ANSWERS: 6
  • The jury is still out on this one. Most historians believe in one of the two deaths below, but in order to understand the first one, the reader will first require some knowledge of the Pythagoreans. Pythagoras of Samos was born appx. 580 BC. Little is known about his early years, except that from around 550 BC, he spent significant time travelling around the known world. He settled down in Croton in 532 BC, where he began to teach and soon gathered a large group of students. The early followers were upper or middle class, wealthy and active in politics and business. Under Pythagoras, they formed a moral elite, striving to perfect their mental and physical form. They believed in a perfectly ordered universe, operating like clockwork. They had an incredible amount of rules, including not eating beans (beans were associated with testicles and therefore represented one's father - go figure), not allowing swallows in the house, touching the earth during thunderstorms, smoothing one's imprint on bedclothes and not picking up items dropped from a table. As for Pythagoras' death, there are two theories.
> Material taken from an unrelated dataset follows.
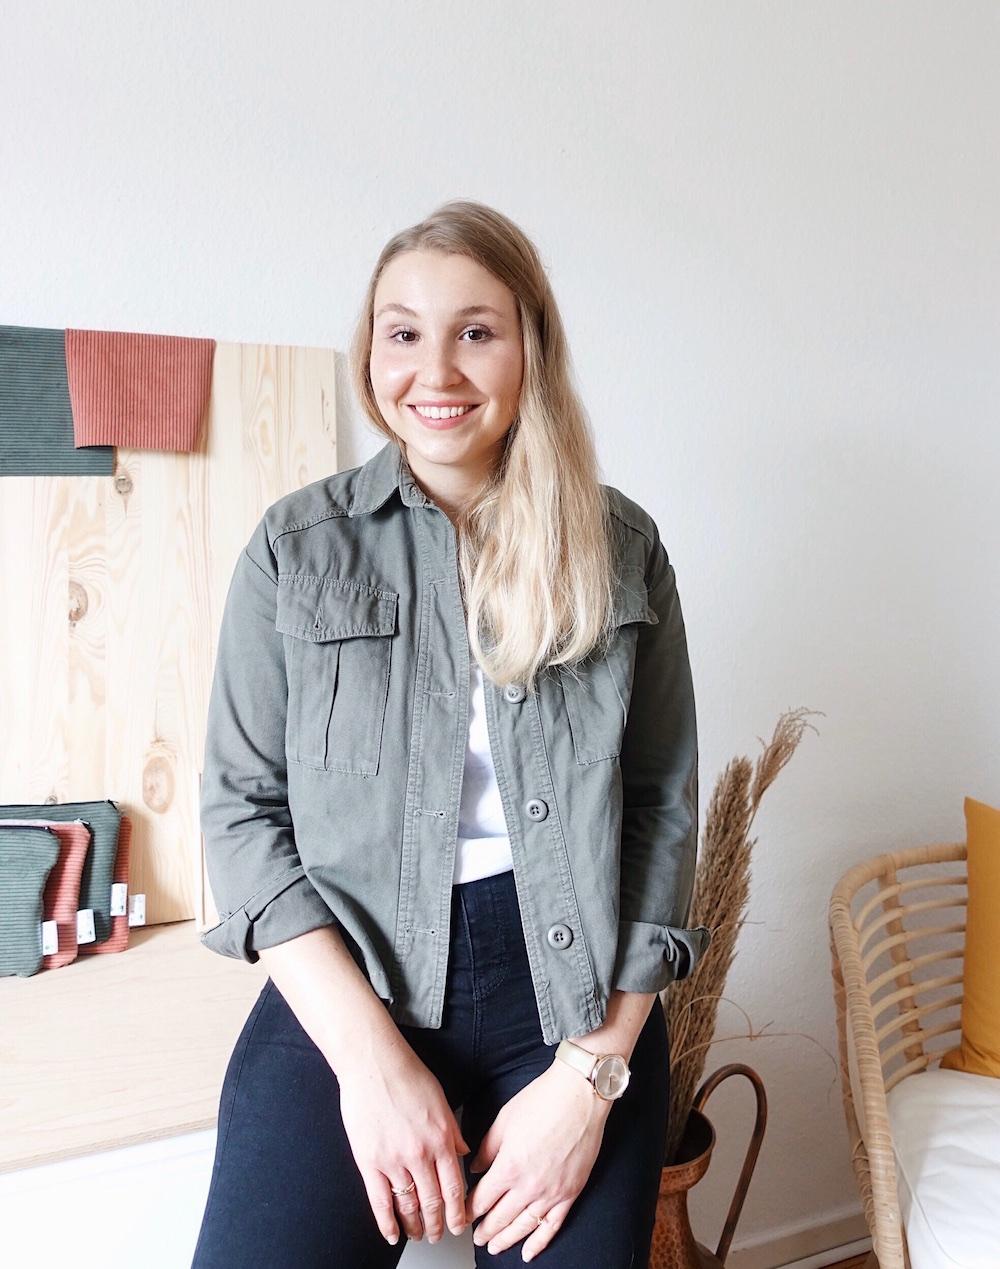 Naeh_dine_Trendige Nähkünste haben ein Online-Zuhause gefunden_Nadine Poggengerd
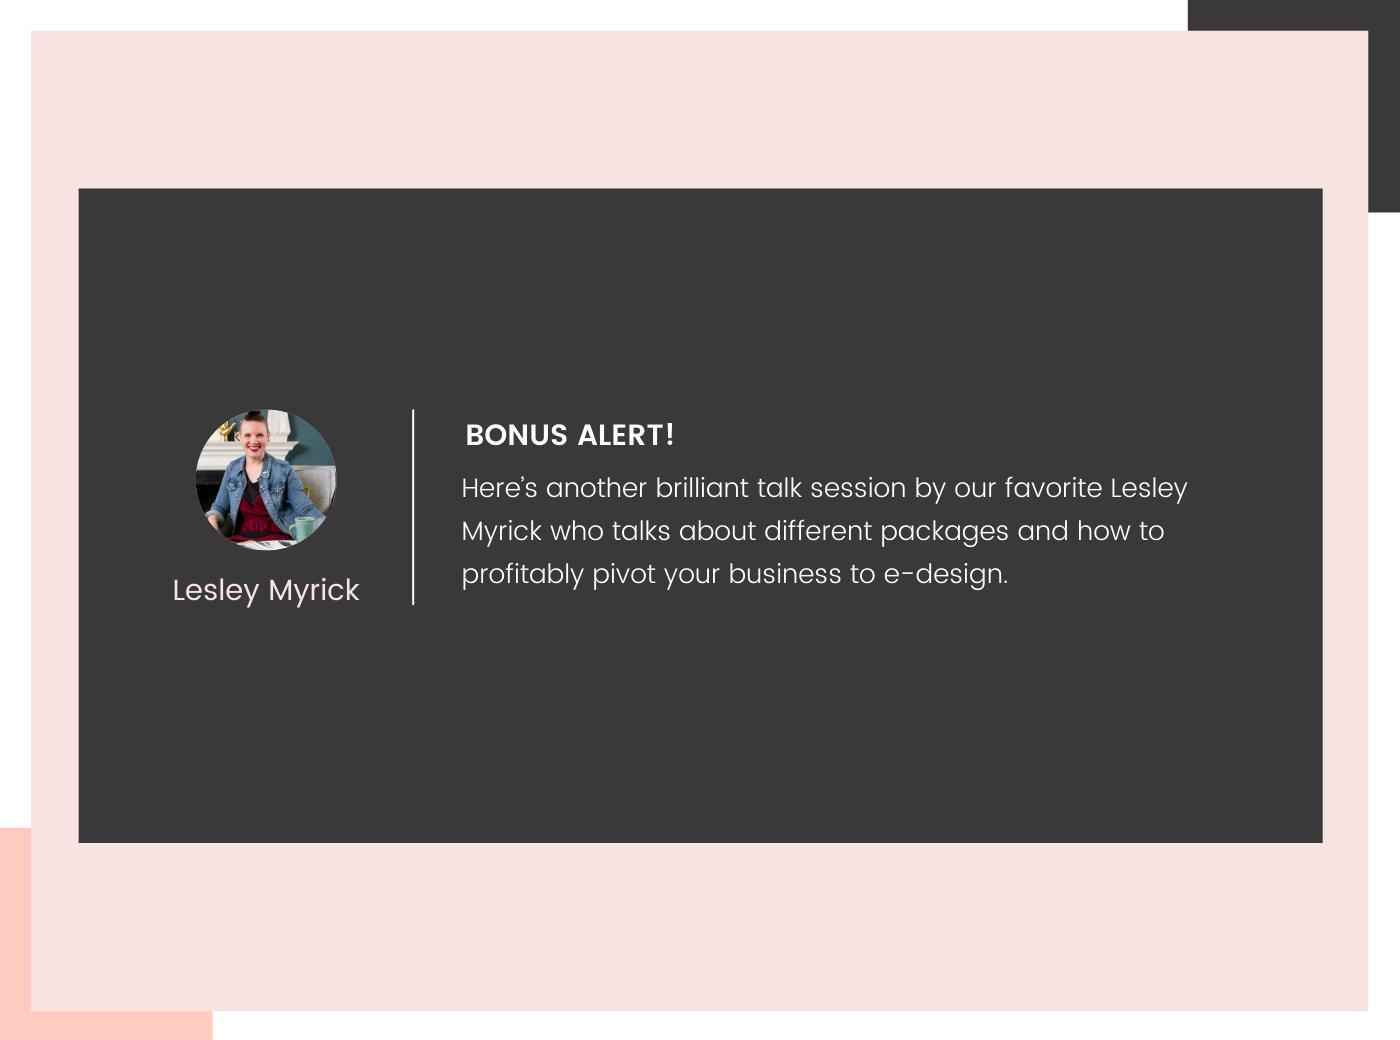 Lesley Myrick Bonus Alert on e-design package

They agree that around 500 BC, there was an uprising against the Pythagoreans and the city of Croton was pillaged and burned. Pythagoras fled and was either caught and killed by rebels when he refused to cross a bean field, or managed to make his way to Metapontum (on the coast of Italy), where he took refuge in the Temple of the Muses and eventually died of starvation.
  • Because of his death urge!
  • A giant triangle fell from above, as revenge for making us all study the bloody theorum at school
  • Pythagoras was trapped in a farmhouse with all of his disciples. The house was burned to the ground, killing Pythagoras and all of his followers, which served to halt the spread of his teachings. Man has suffered greatly from the loss of this knowledge.
  • Travis is an easter egg
  • A war broke out between the Greeks and the Romans. The Romans invaded Greece. Once when Pythogoras was busy doing some mathematical calculations on the sand, a Roman soldier approached him and askhim for some directions towards a temple. Being deeply involved in the maths, Pythogoras paid no attention to him. Outraged by this very encounter with Pythogoras, the Roman took his sword and Killed Pythogoras.